The results presented at the III Fermi symposium in Rome reflected, in particular, what a magnificent instrument the Fermi LAT is for observing active galactic nuclei and pulsars. The 2 source catalogue 2FGL was presented and will soon be released with 1888 sources. Much attention was given to the blazar 3C454.3 which has been monitored since the launch and has undergone a series of very bright outbursts. The multiwavelength analysis by Stefan Larsson revealed a far more complex behaviour than expected in the simple picture we had of AGN jets before the launch of Fermi. The discovery of spectral breaks at GeV energies was nicely interpreted by the former Stockholm astronomer Juri Poutanen and collaborators as a result of gamma-ray absorption via photon-photon pair production on He II Lyman recombination continuum and lines within the broad-line region.
It was also made clear that all models we have for description of the high energy emission around pulsars are, more or less, wrong. Fermi has told us for certain that the emission is from high altitudes in the outer magnetosphere; Fermi has killed the polar cap model and the classical TPC, while the other models are in need of modifications.
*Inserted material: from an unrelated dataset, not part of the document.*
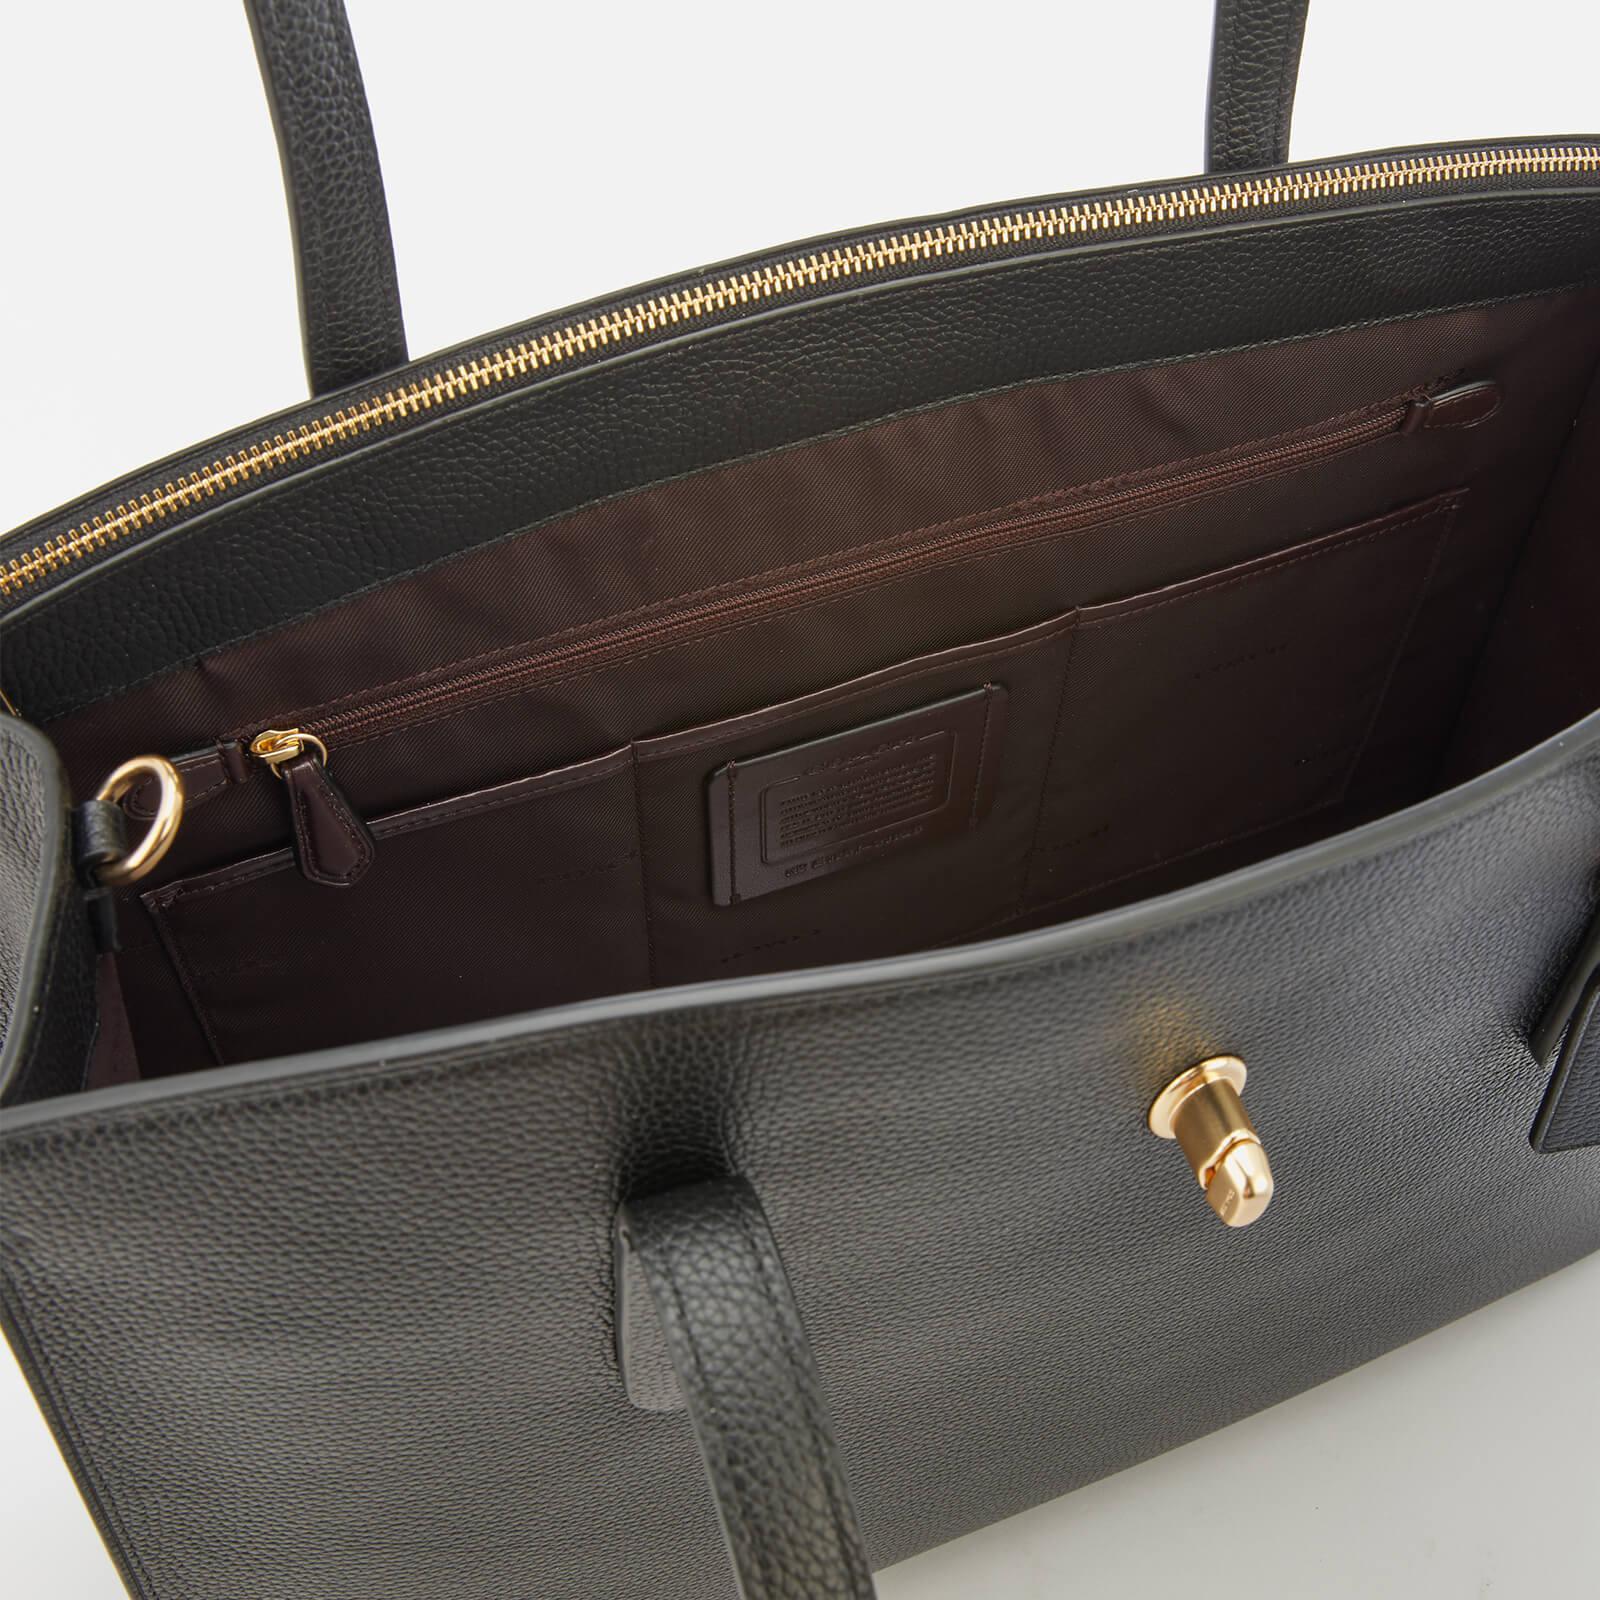 a2c2bb234c672 COACH Turnlock Charlie Carryall Bag in Black - Lyst

The soon to be launched PoGOLite experiment will give us important new information on the high energy emission from the Crab pulsar by observing the complementary polarisation of the X and gamma-rays.
Similarily, the observations of gamma-ray bursts made by Fermi does not fit into any of the frameworks of existing models and we have to re-address the questions that we thought to have been solved. In particular, it is clear that multiple spectral components are present in the spectra and high energy cutoff also exist. Tanja Nymark presented a paper on the behaviour of the photospheric emission component in GRBs, observed by the gamma-ray bursts monitor on Fermi, and argued for the existence of subphotospheric dissipation.
The most important announcement at the conference was probably the VERITAS detection of a pulsed signal from the Crab pulsar at energies larger than 120 GeV at a 6 sigma level. This is the first detection of a pulsar in energies above 100 GeV and shows interestingly that there is now spectral cut off in the high energy spectrum of the Crab nebula. Moreover these observations again show us that the emission must come from a height of at least 10 stellar radii and that the emission at these energies cannot be from curvature radiation.
Finally, Fermi is also noticing that the Sun is waking up!